「中学生の時、テレビでこの高校のことを知り、将来は作り手になりたいと思い、高校に入りました」。
日本で唯一の私立農業高校、「愛農高校」の養豚部部長、3年生になる彼はそう言って、はにかんだ。
彼は、今後鹿児島の大学で畜産を学び、養豚の道に進む予定だいう。
全校生徒60名は、遠く家からはなれて寮に住み、学問と農業を学ぶ。
恋愛禁止、携帯スマホ禁止、テレビも見ることもままにしかならず、PCも教室にしかない。
校庭は草だらけだが、ラグビーもバレーの部活もやる。
彼らは全国から希望して、この学校にやってきた。韓国からの留学生もいる。
生徒たちと昼食を共にしたが、世の中の高校生と明らかに違っていることがあった。
男の子も女の子も、姿勢の悪い子がいないのである。
もちろん、太っている子もいない。
そして笑顔にウソがない。
毎朝6:50分に起床して、土を耕し、雑草を摘み、搾乳をし、卵をとり、収穫をし、豚舎や牛舎、鶏舎の掃除をし、屠畜もする。
情報や世俗に汚されず、他の命を絶って、自分たちが生かされている意味を、日々考えている。

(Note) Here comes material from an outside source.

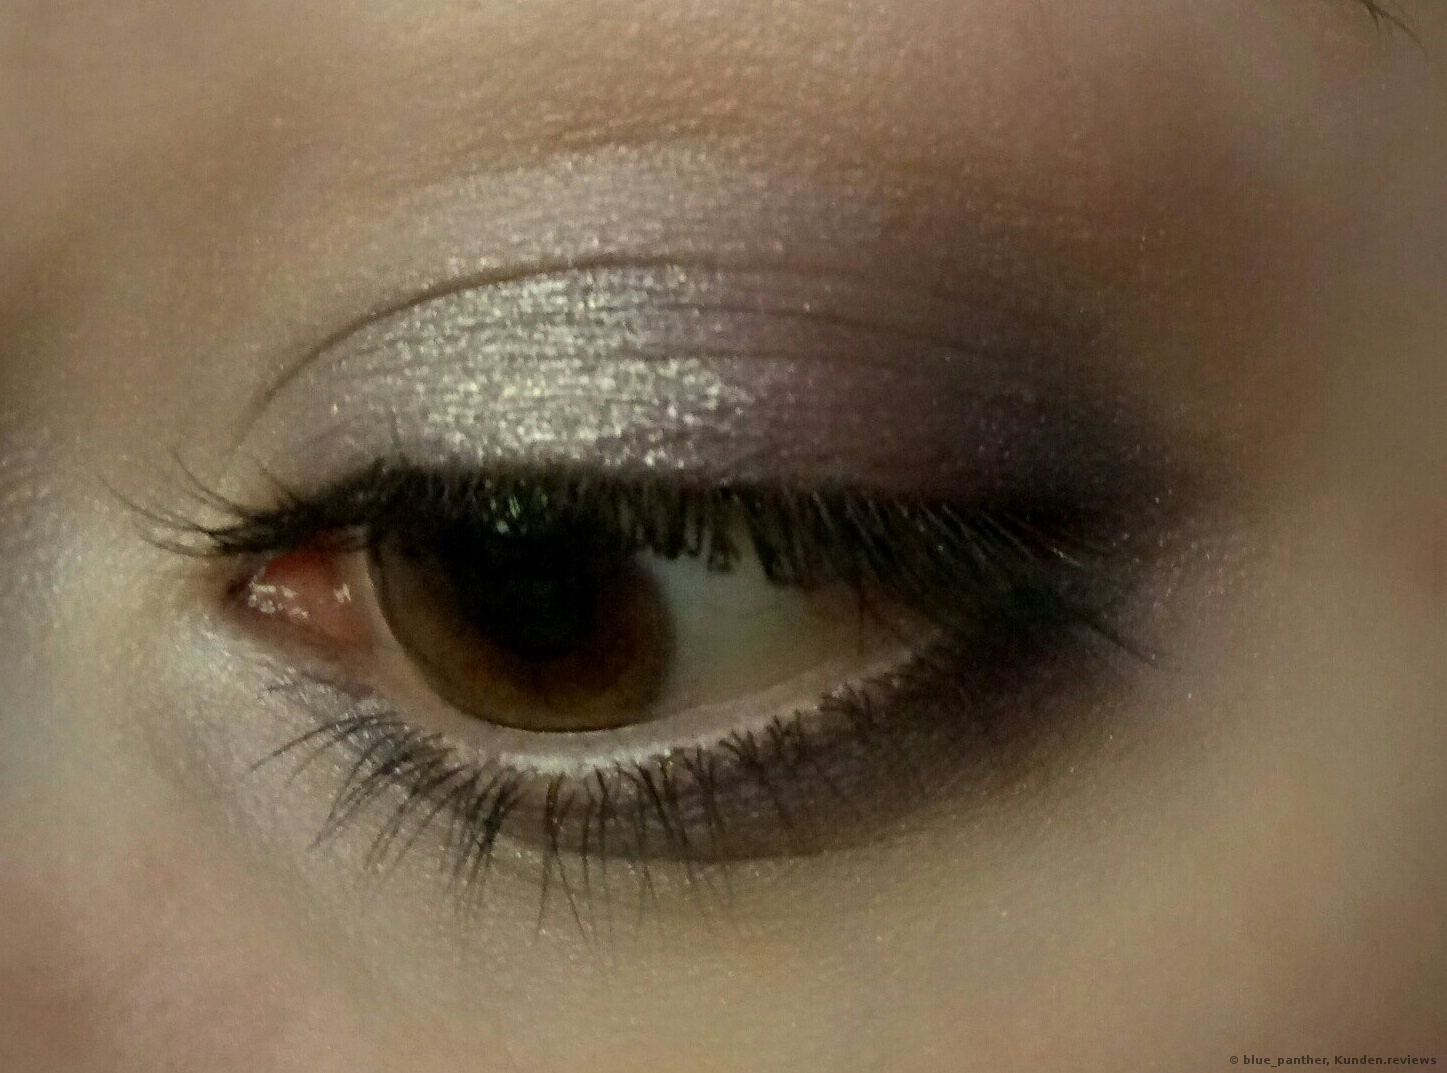 Mit dem Catrice  Metal Longlasting Cream Eyeshadow im inneren Augenwinkel
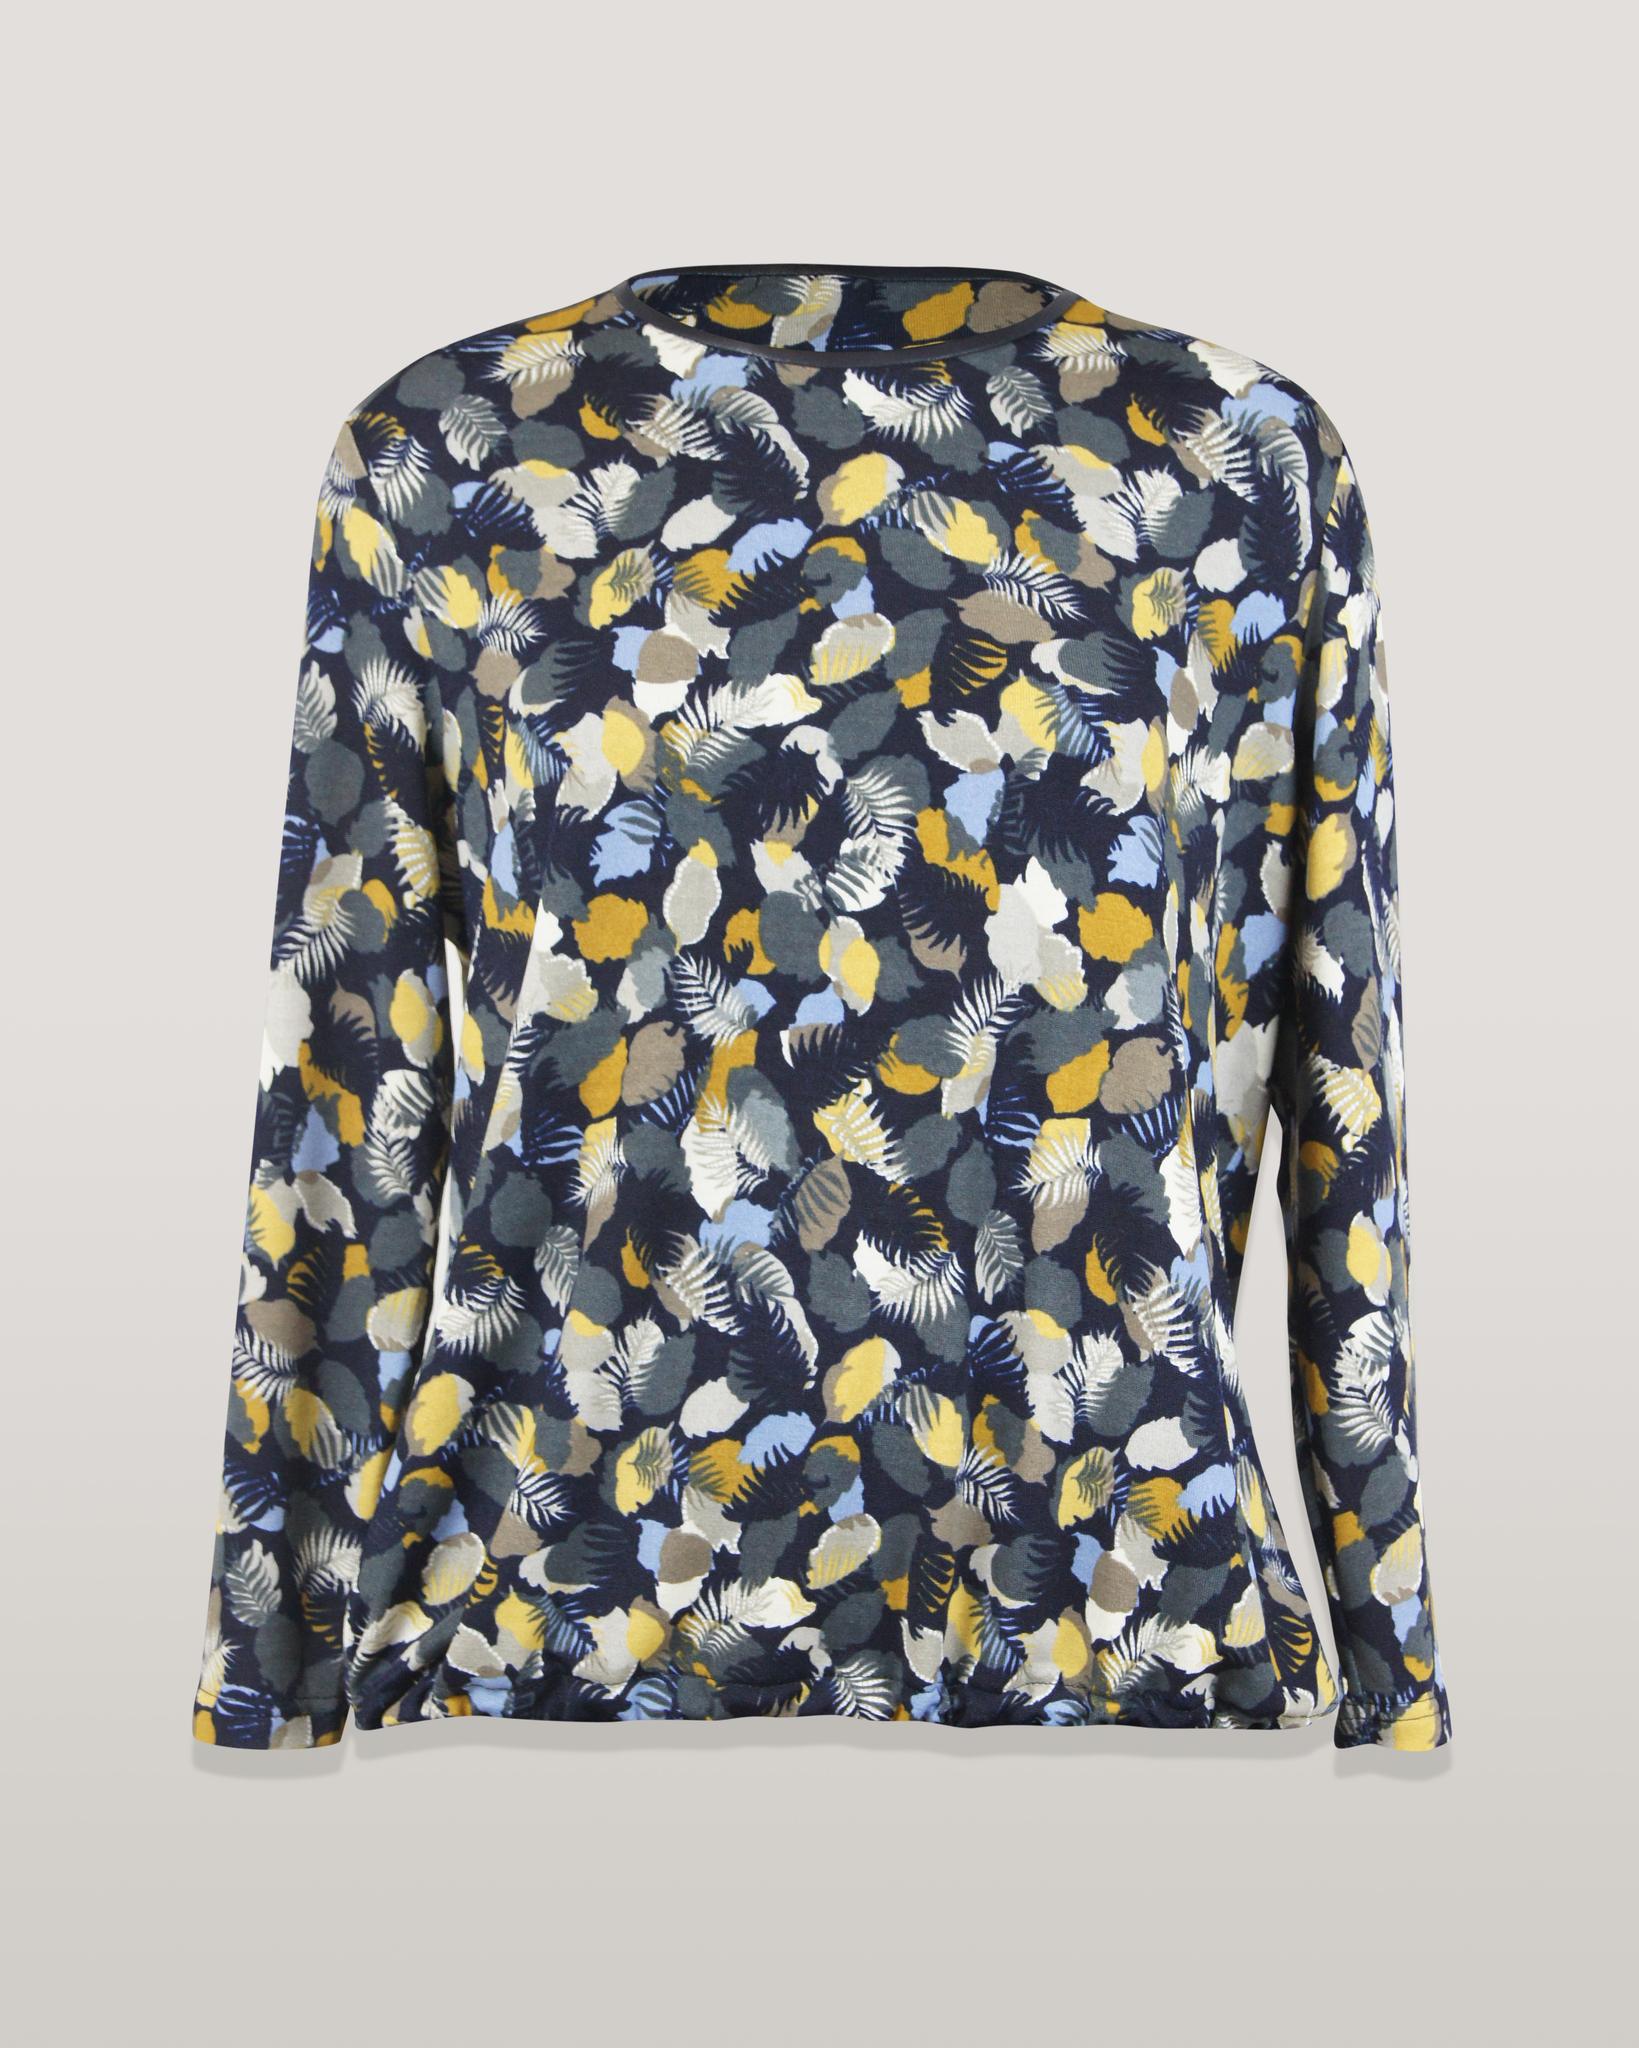 Блузка Ibis 7923 перышки акварель

部長の彼がシェフに尋ねた。「アンケートを送ってもいいですか? 僕たちの豚が他とどういう風に違うのか、餌を変えたら味がどういう風に変わるのか、お客さんはどういう風に喜んでもらえるのか、知りたいんです」そう言って、18歳の彼は、眼鏡の奥の細い目を輝かせた。
賢い豚たちは知っているのだ。自分たちがどれだけ愛されているかを。
だから全国のブランド豚肉よりも、おいしい豚肉が生まれるのである。
たった数時間いただけで、こんなことを書くのはおこがましいのはわかっている。だが、この学校に踏み入れた途端、澄んだ空気が自分を刺した。
山奥の澄んだ空気ではない。
人々と動物が無理なく暮らす、純粋な気配が生み出す澄んだ空気が、自分を戒めた。
「神の愛を忘れた良心は麻痺し、土を離れた精神は枯死する」。
愛農高校 建学の精神にある、冒頭の言葉である。